**WHAT YOU NEED TO DO**
Output the data below exactly, images excluded.

======== SOURCE DATA ========

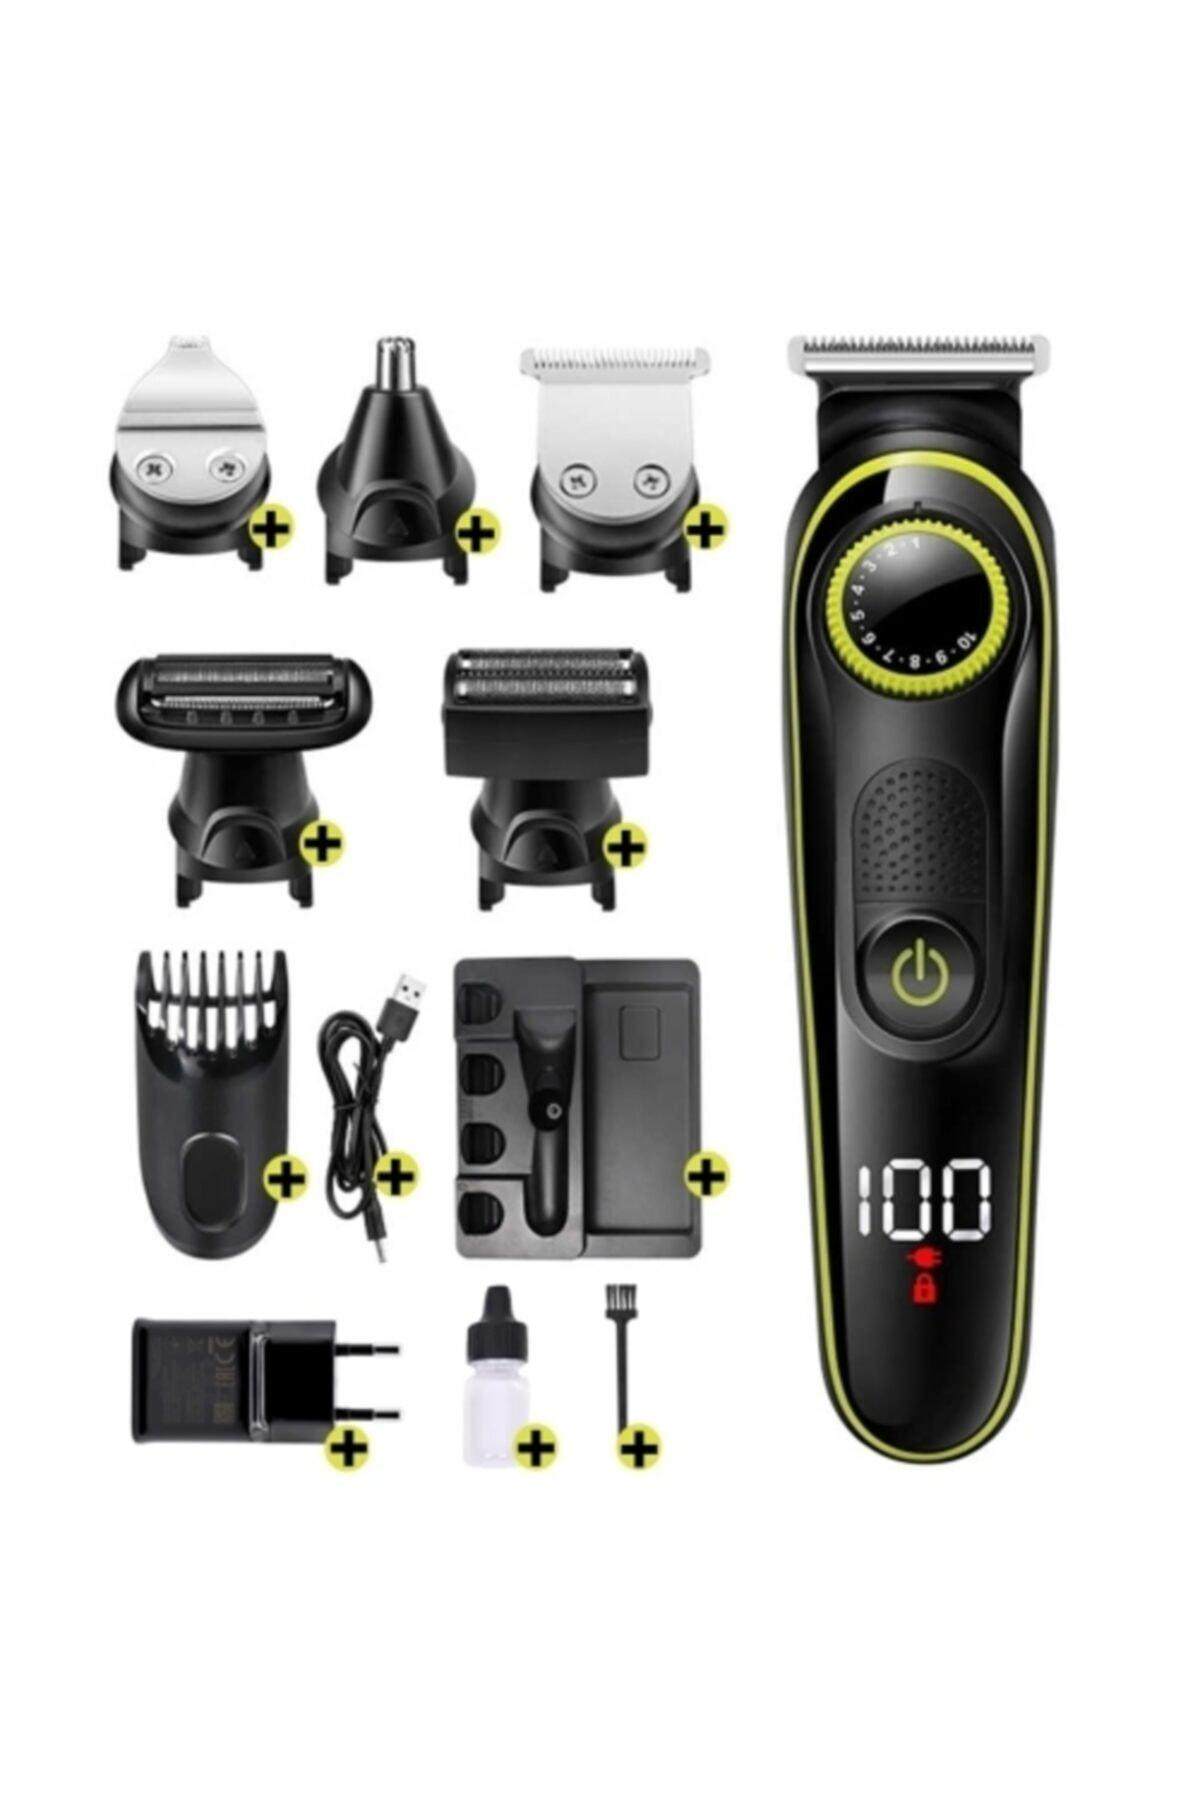 yopigo Yp 6171 Saç & Sakal Şekillendirici Tıraş Makinesi Erkek Bakım Seti 5 In 1 Ultimate 1
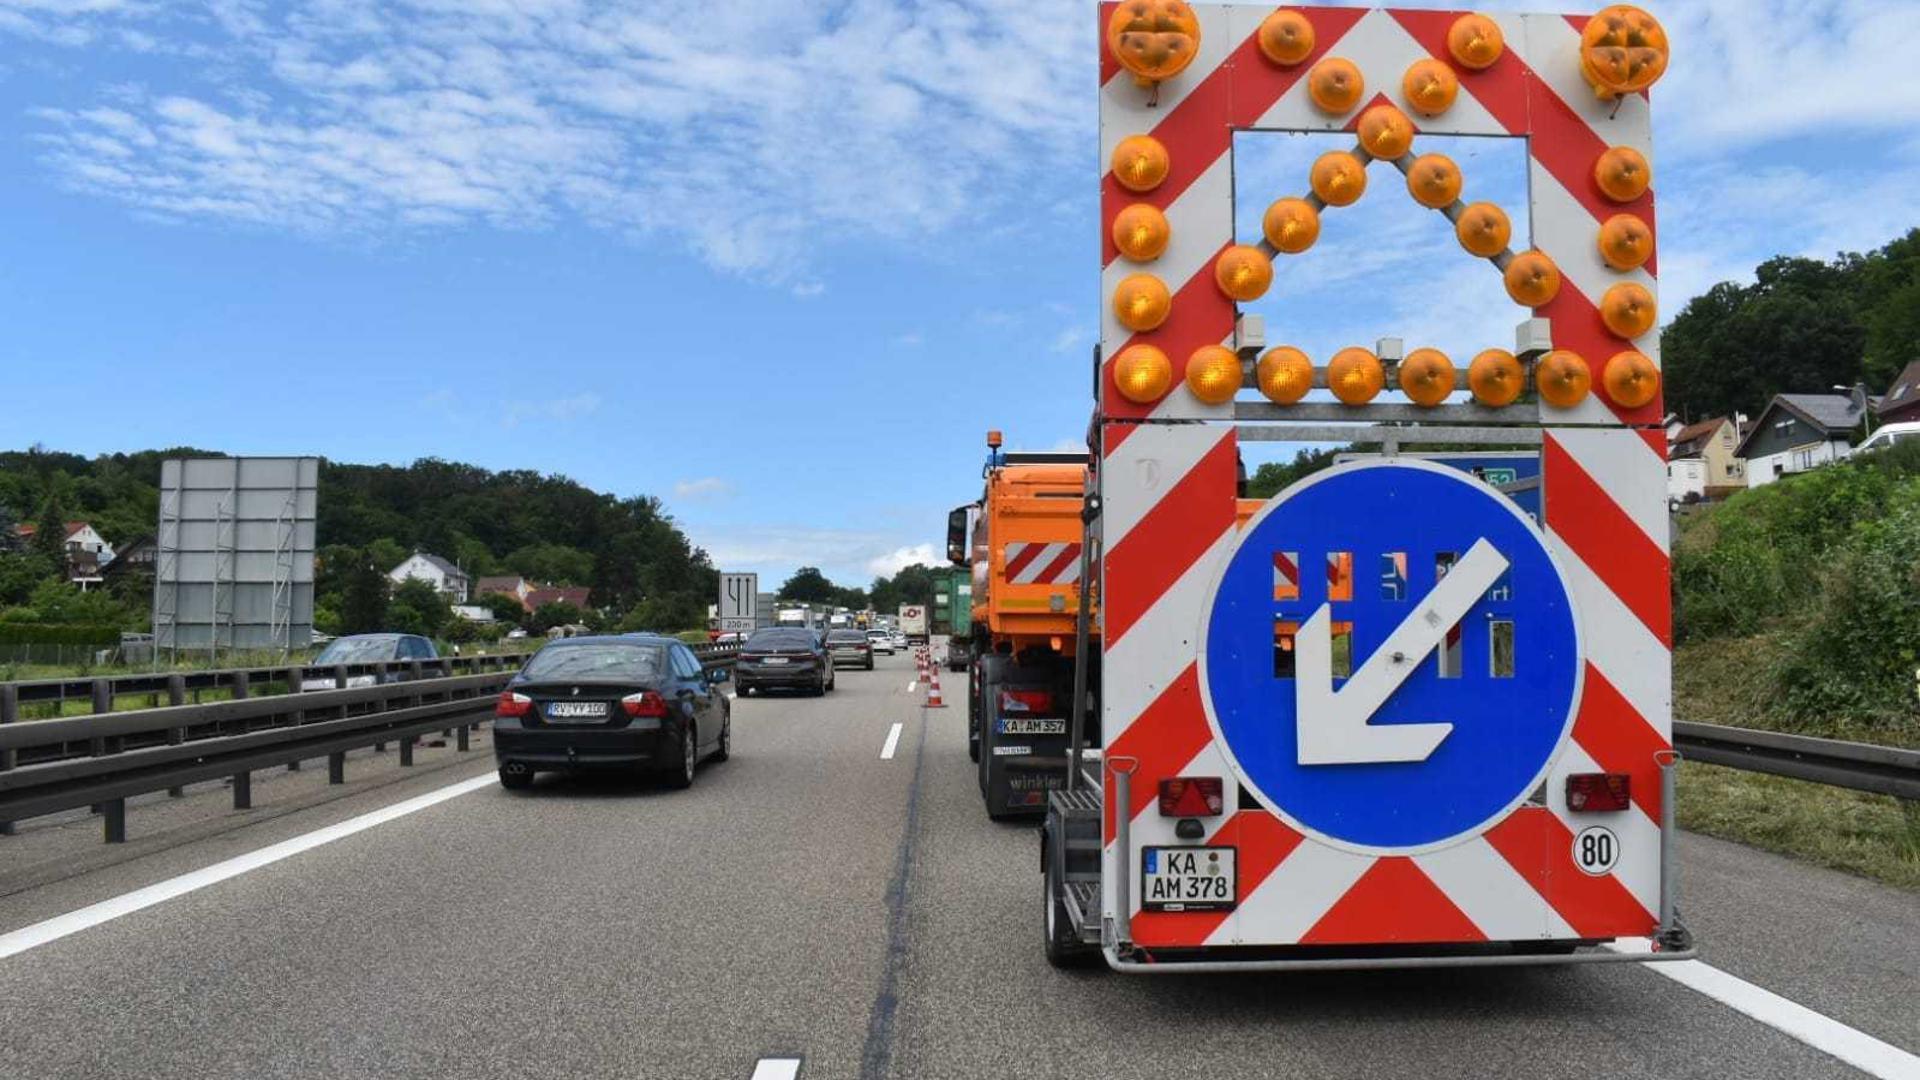 Sperrung auf der Autobahn bei Pforzheim: Die A8 muss nach einem Unfall am Mittwochnachmittag teilgesperrt werden.
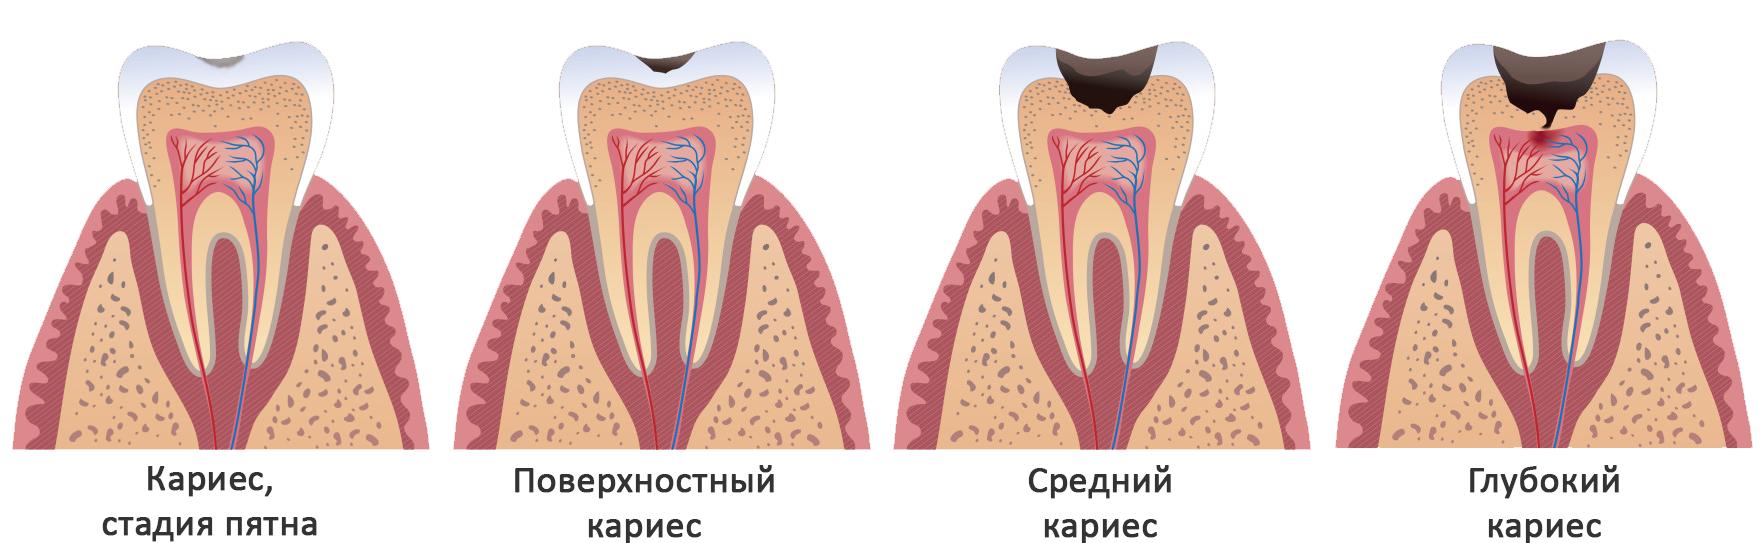 Дистопированный зуб — виды, причины, а также методики устранения проблемы. дистопия зуба: причины, последствия, лечение

========

**SOLUTION**
 yopigo Yp 6171 Saç & Sakal Şekillendirici Tıraş Makinesi Erkek Bakım Seti 5 In 1 Ultimate 1
 Sperrung auf der Autobahn bei Pforzheim: Die A8 muss nach einem Unfall am Mittwochnachmittag teilgesperrt werden.
 Дистопированный зуб — виды, причины, а также методики устранения проблемы. дистопия зуба: причины, последствия, лечение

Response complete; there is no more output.